Doesn't the "faster" example introduces an implicit scope?

-- 
/Jacob Carlborg
February 23, 2012

On Feb 22, 2012, at 8:07 PM, "Martin Nowak" <dawg@dawgfoto.de> wrote:

>> 4) Thread local / global memory
>> 
>> A callback into the runtime needs to happen in the following cases:
>> - a __gshared variable is assigned
>> - a reference / pointer is casted to immutable
>> - a reference / pointer is casted to shared
>> 
>> void _d_castToGlobalMem(void* ptr);
>> 
>> This can be used by the GC to keep thread local pools of memory and move a memory block to a global memory pool as soon as it is needed there.
>> 
> If we'd want per-thread mark/sweeping then shared memory must never own unshared memory. I think this could be done using a separate allocator for shared/immutable data. For casts this would require a transitive move of the data or it'd need to be prohibited.

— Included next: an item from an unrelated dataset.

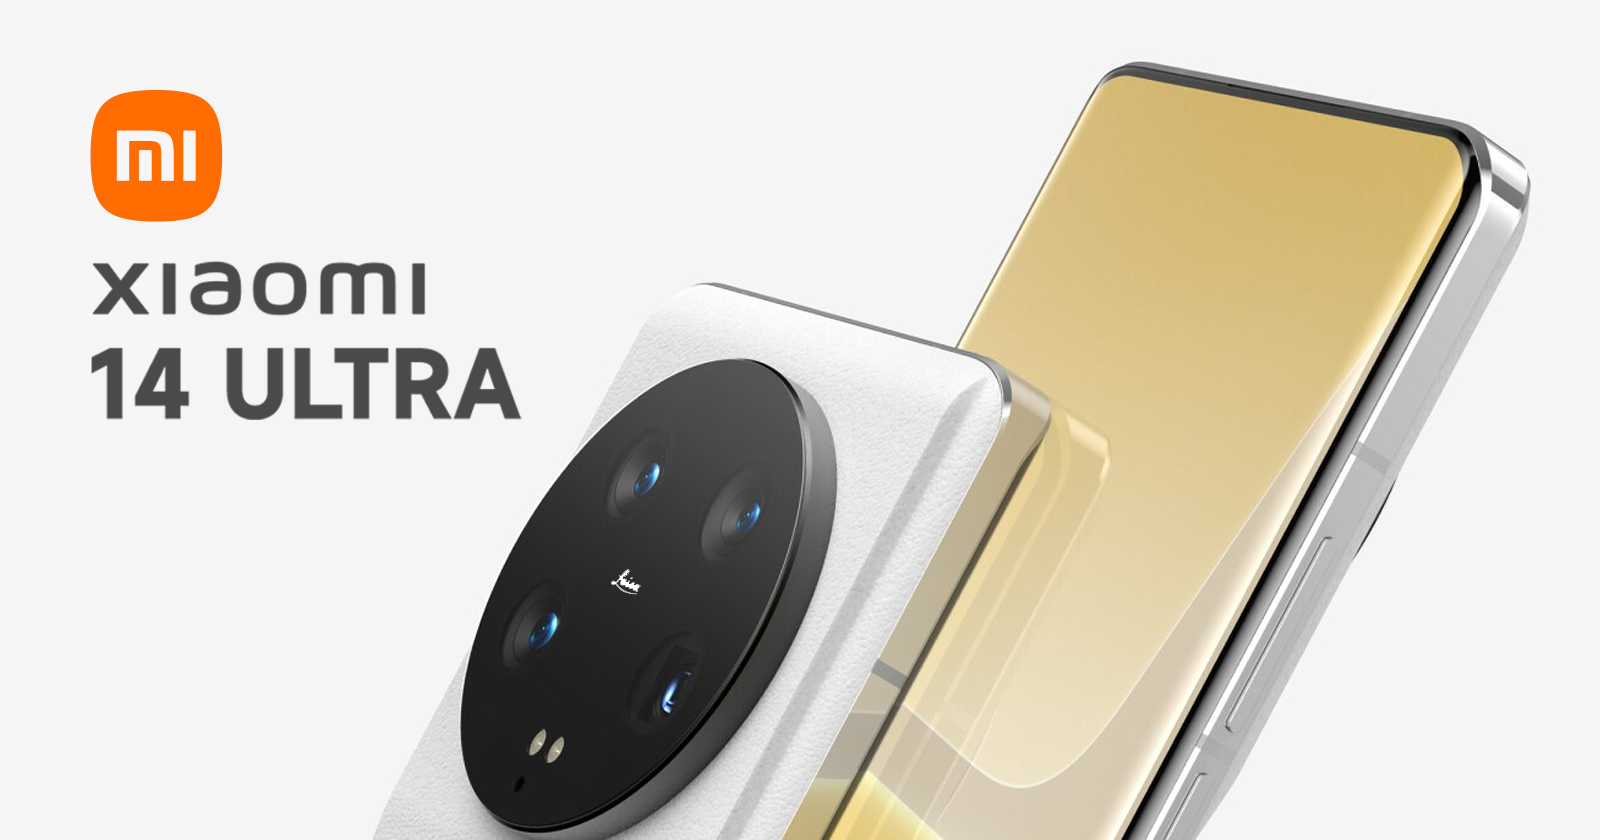 Rykten: Xiaomi 14 Ultra kommer att få två versioner - en med en frontkamera under skärmen och en vanlig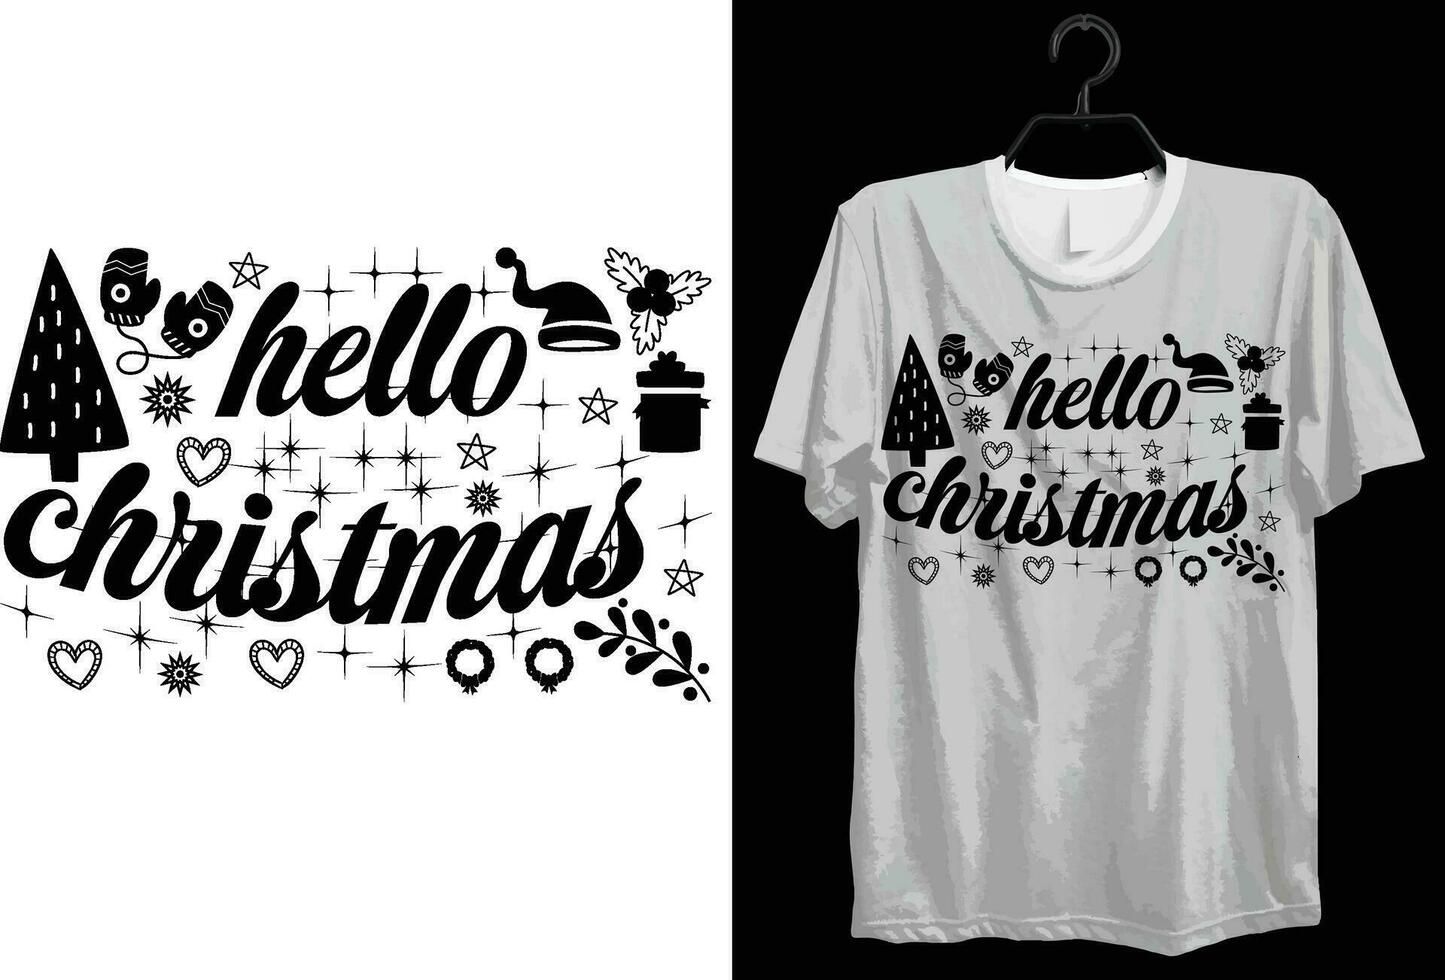 Hallo kerstmis. grappig geschenk item vrolijk Kerstmis t-shirt ontwerp voor Kerstmis liefhebbers. vector

Casting to/from shared needs a bit more logic anyway, so the proper thread finalizes unshared objects. Casting away shared clears the block's owner and vice versa. Nice perk to this is casting away shared could then detect a sharing violation if a block already has another owner.
February 23, 2012
On Wed, 22 Feb 2012 15:32:37 -0600, H. S. Teoh <hsteoh@quickfur.ath.cx> wrote:
> On Wed, Feb 22, 2012 at 07:56:15PM +0100, Benjamin Thaut wrote:
> [...]
>> 2) Tracking references on the stack:
>>
>> The D compiler always needs to emit a full stack frame so that the
>> GC can walk up the stack at any time in the program. The stack frame
>> of every function generated by the D compiler starts which a
>> bitfield (usually the size of a machine register) where each bit
>> indicates that these bytes are a pointer / reference. The bitfield
>> needs to be large enough to cover the whole stack frame of the
>> function.
> [...]
>
> I was thinking about this a bit more, and I had an idea: why bother with
> storing bitfields on the stack? Any function's local pointer variables
> are known at compile-time. So store a function ID (probably a pointer)
> that maps to some static storage where this information is stored. Then
> we always only need 1 word of extra storage on the stack frame, and the
> GC can follow the pointer to get the info it needs. A recursively called
> function won't incur the cost of duplicated copies of bitfields, its ID
> points to same place. You can even have two different functions share
> the same ID if they have pointer variables in exactly the same places.
>
> The static storage can then be an array of relative stack offsets to the
> function's pointer variables, so the GC can easily use this info to find
> roots. No need to complicate the GC with manipulating bitfields, it's
> just an int[].
>
> If you want to get fancy, have the compiler reorder local variables so
> that pointers are clustered together in blocks, then in the static
> storage you can just encode pointer blocks by offset+length. (Although
> this may not help much with (pointer,length) pairs on the stack, like
> slices.) Or the compiler can reorder variables to maximize ID merges.
>
> The same thing can be done for scopes, since their local variables are
> also all known at compile-time.
>
>
> T

The break even point between bit-fields and pointers is 512 bytes. Although, if one is thinking about on stack storage this probably doesn't matter since for alignment purposes you'll always end up using at least 1 word if not 2. However, a lot of functions use less then 512 (or 1024) bytes of of stack space. I'd think it would be much more space efficient to have a separate bitfield for the stack. Cache efficiency should be about the same as a on stack representation, and scanning would, in theory, be quicker. IIRC, a separate bit-field was the approach used by at least one precise C GC.
February 23, 2012
Le 22/02/2012 20:53, Benjamin Thaut a écrit :
>
> If you have a better idea for percise stack scanning I'm open for
> suggestions.
>


This is the problem with your proposal. It doesn't consider pro and cons and actual data. It doesn't consider the alternatives. You go straight to « How can we do that ? » without condidering « should we do that ? »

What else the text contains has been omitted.